The absence of adequate national reserves and other short-term resources imposes intolerable strains on the economic administration of countries. Even such eventualities as relatively minor errors in forecasting, strikes in ports, the unexpected 'bunching' of imports and modest shortfalls in production which in normal circumstances ought to be accommodated by changes in reserves, can now assume enormous proportions and play havoc with the smooth functioning of the economy. They drive countries to seek credits from suppliers and through other channels on terms which are often unsatisfactory, and to impose embargoes on nonessentials and even raw materials and intermediate goods needed for the utilization of existing productive capacity. All these result in a cumulative extension of administrative controls which by virtue of their scope and intensity lead to increasingly greater rigidities over the economy as a whole. These difficulties tend to be aggravated by the fact that inadequacy of reserves, and the consequent problems posed for countries in meeting external payments commitments, lead to a weakening of confidence and to a deterioration even in the terms of credit that are normally made available by the international banking system.
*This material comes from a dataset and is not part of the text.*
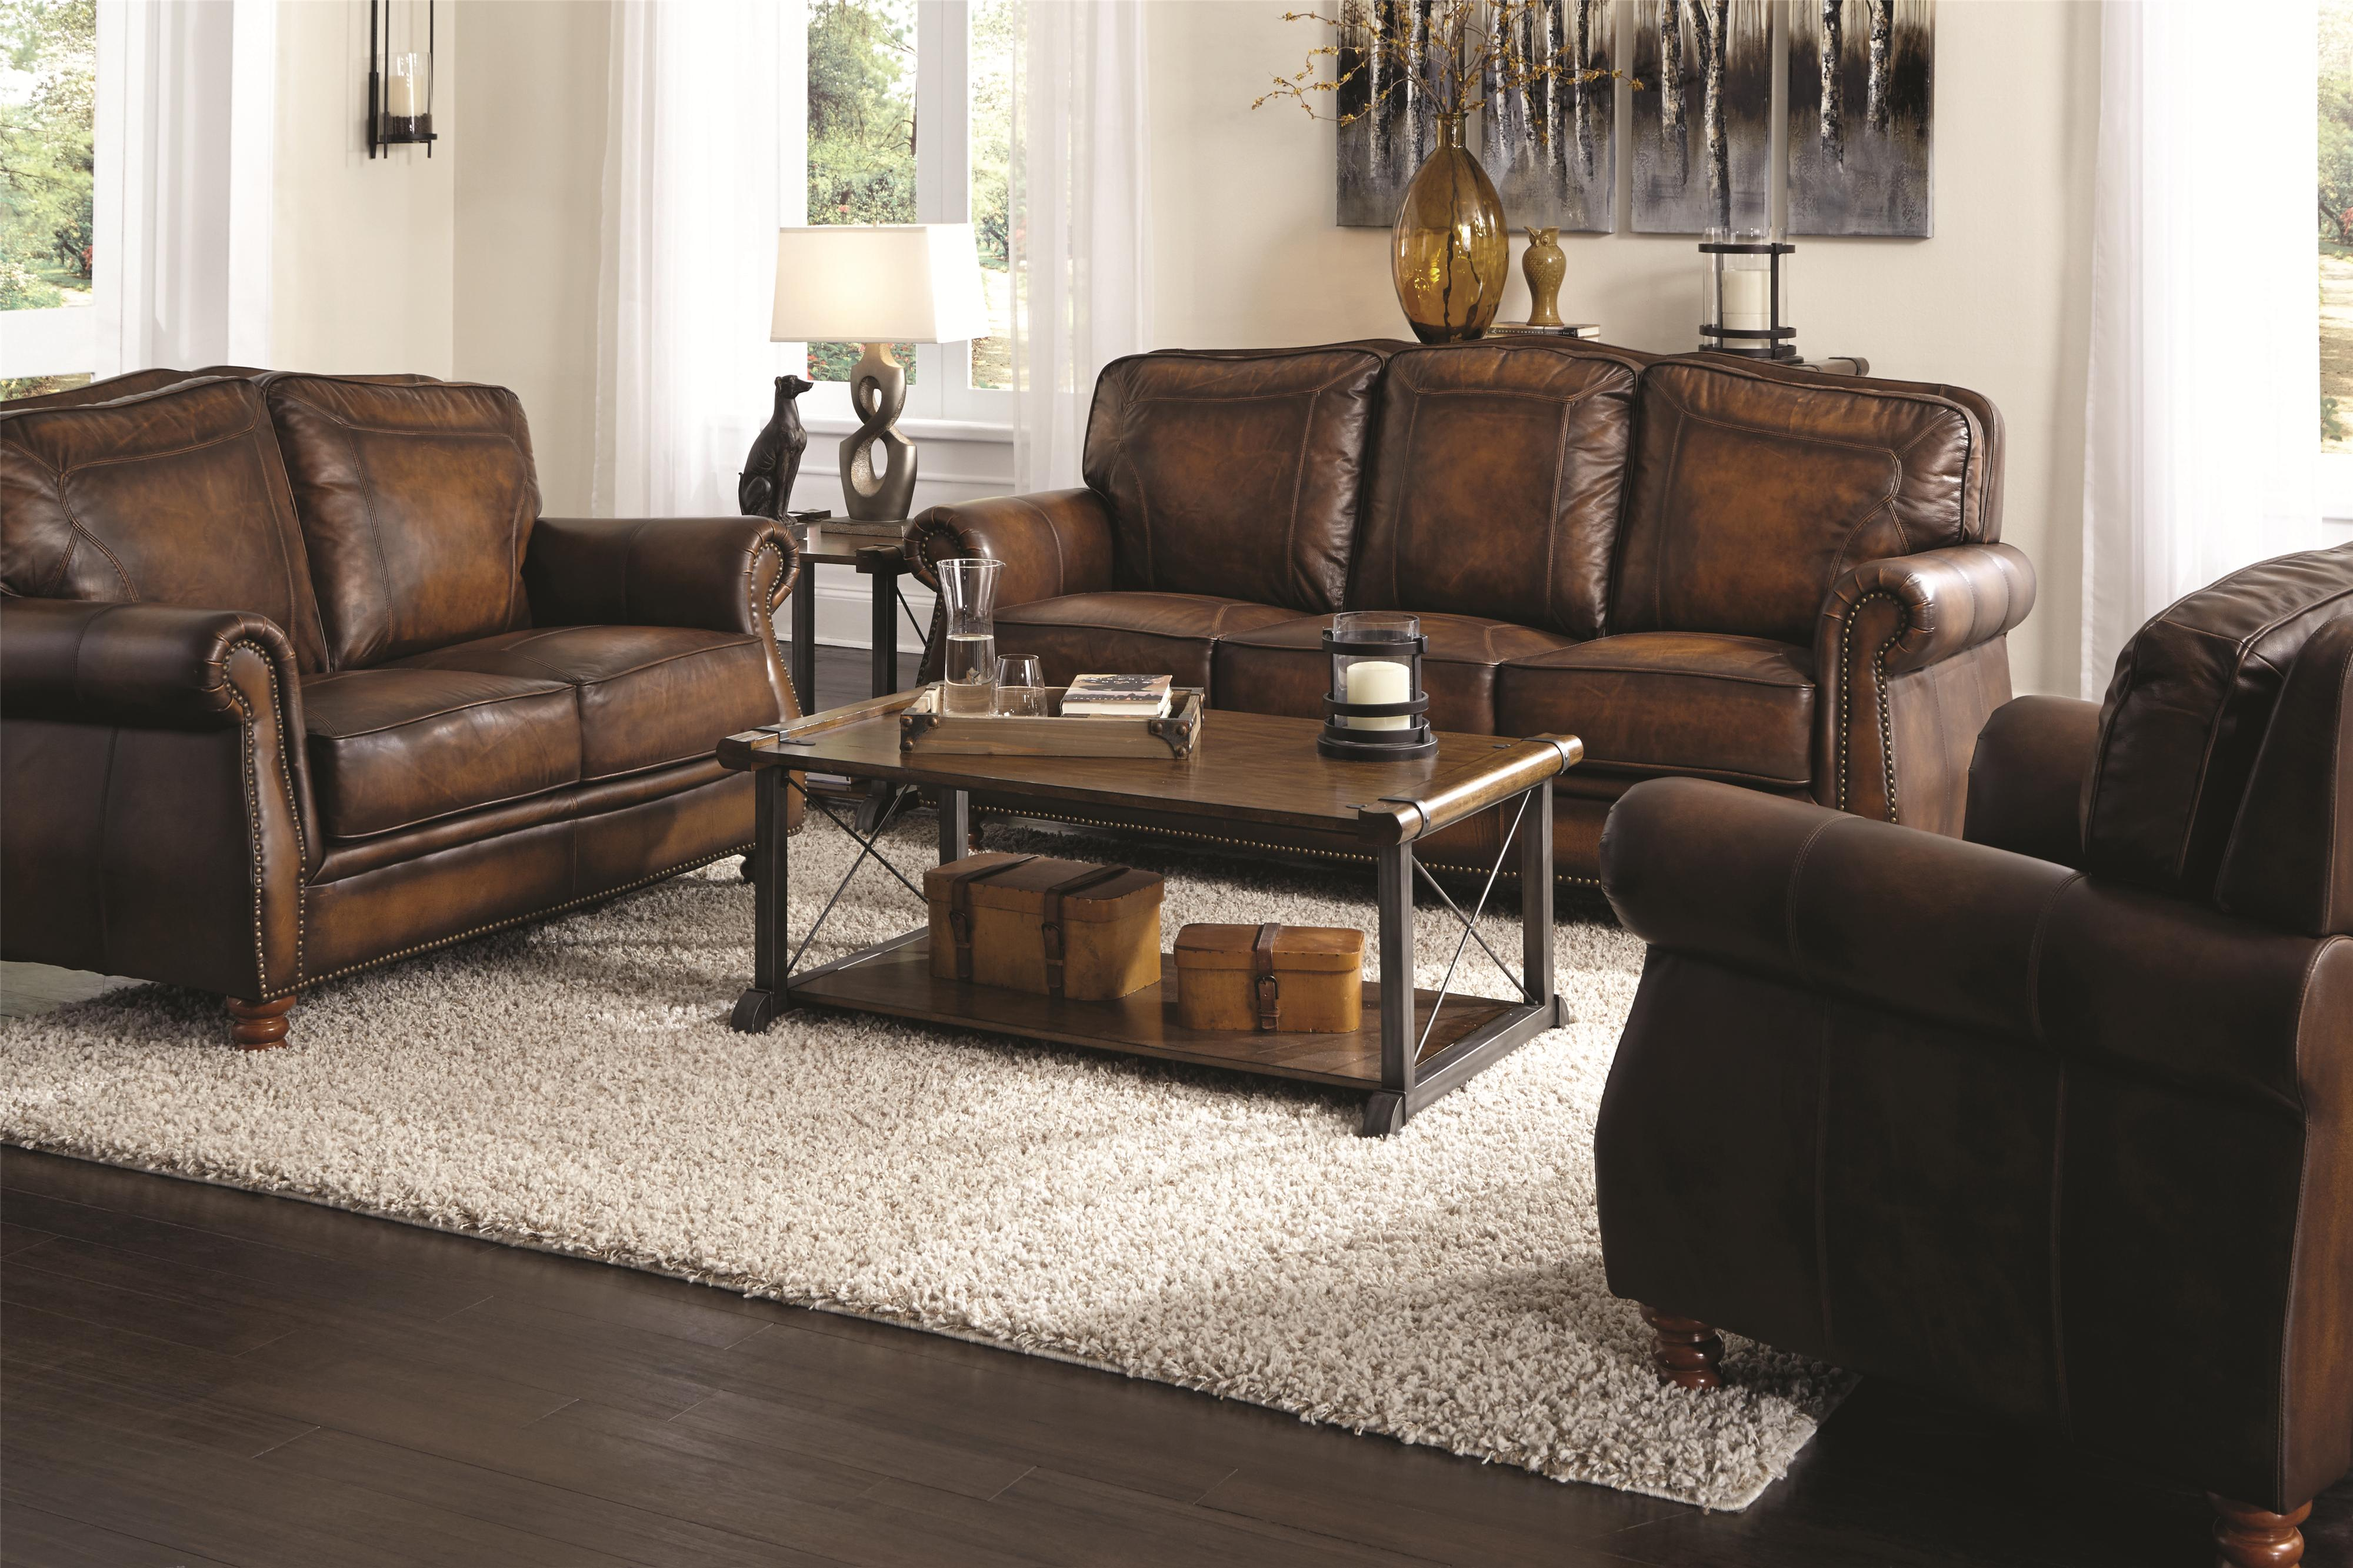 Coaster Montbrook 503981 Sofa | Northeast Factory Direct | Sofas Cleveland,  Eastlake, Westlake, Mentor, Medina, Ohio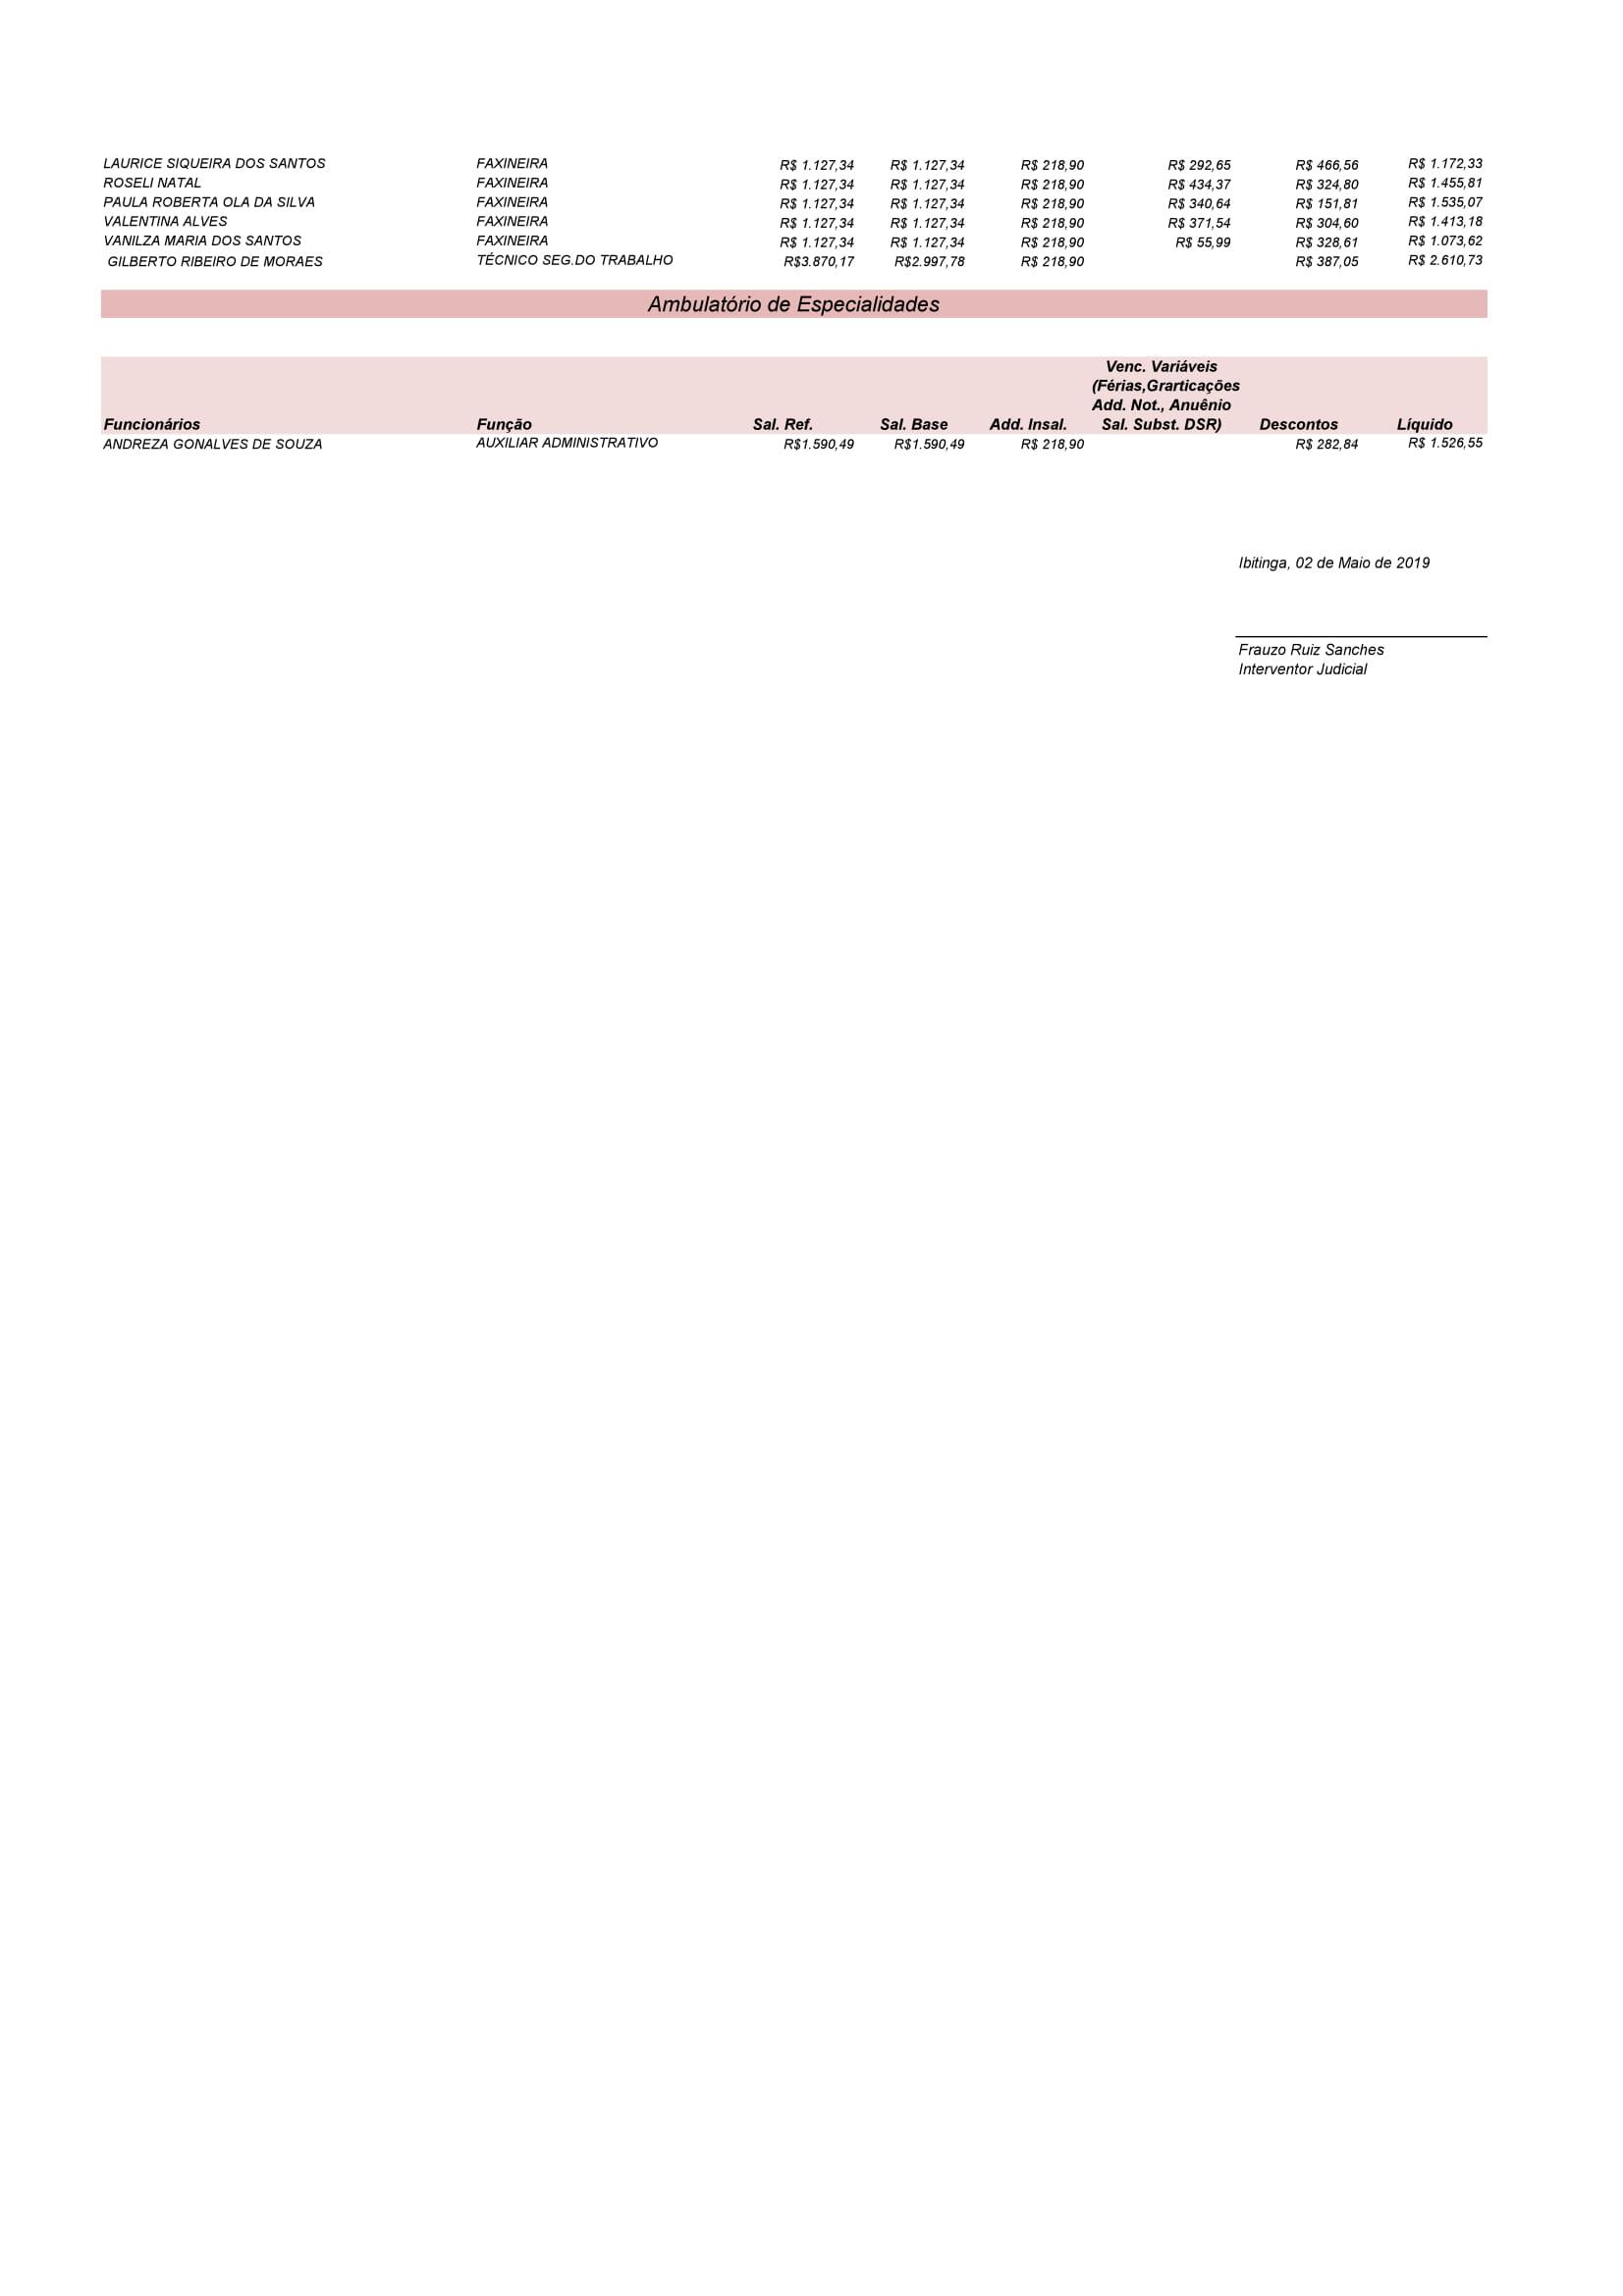 TRANSPARENCIA 04-012019-4

Many developing countries suffer from severe fluctuations in exports while others are vulnerable to sudden increases in demand for food imports consequent on diminished harvest yields. At the same time, given the considerable structural weaknesses and rigidities which characterize the economies of the developing countries and also their limited access to the international credit markets, their ability to adjust to fluctuations in their external payments without undue sacrifice of their growth objectives depends in part on the size of their reserves. However, the accumulation of reserves also has associated costs, which can be quite significant in the case of many developing countries with pressing needs for an increase in productive investment and consumption. Many of these countries have adopted restrictions on imports and payments and comprehensive systems of foreign exchange budgeting for the purpose of adjusting external payments to external receipts.
In the 1980s, faced with stagnation or declines in export earnings and with sharply reduced access to external finance, many developing countries had no option but to draw on their foreign exchange reserves, although these same circumstances called for the maintenance of more prudent reserve levels. Reserves nevertheless fell in many developing countries after 1981. The reserve holdings of capital importing African developing countries in the period 1982-84, were sufficient to finance little more than one month of imports. Constraints or declines in foreign exchange earnings and extremely low reserve levels often led developing countries to delay making payments. Arrears accumulated rapidly, increasing six-fold in 1982-84.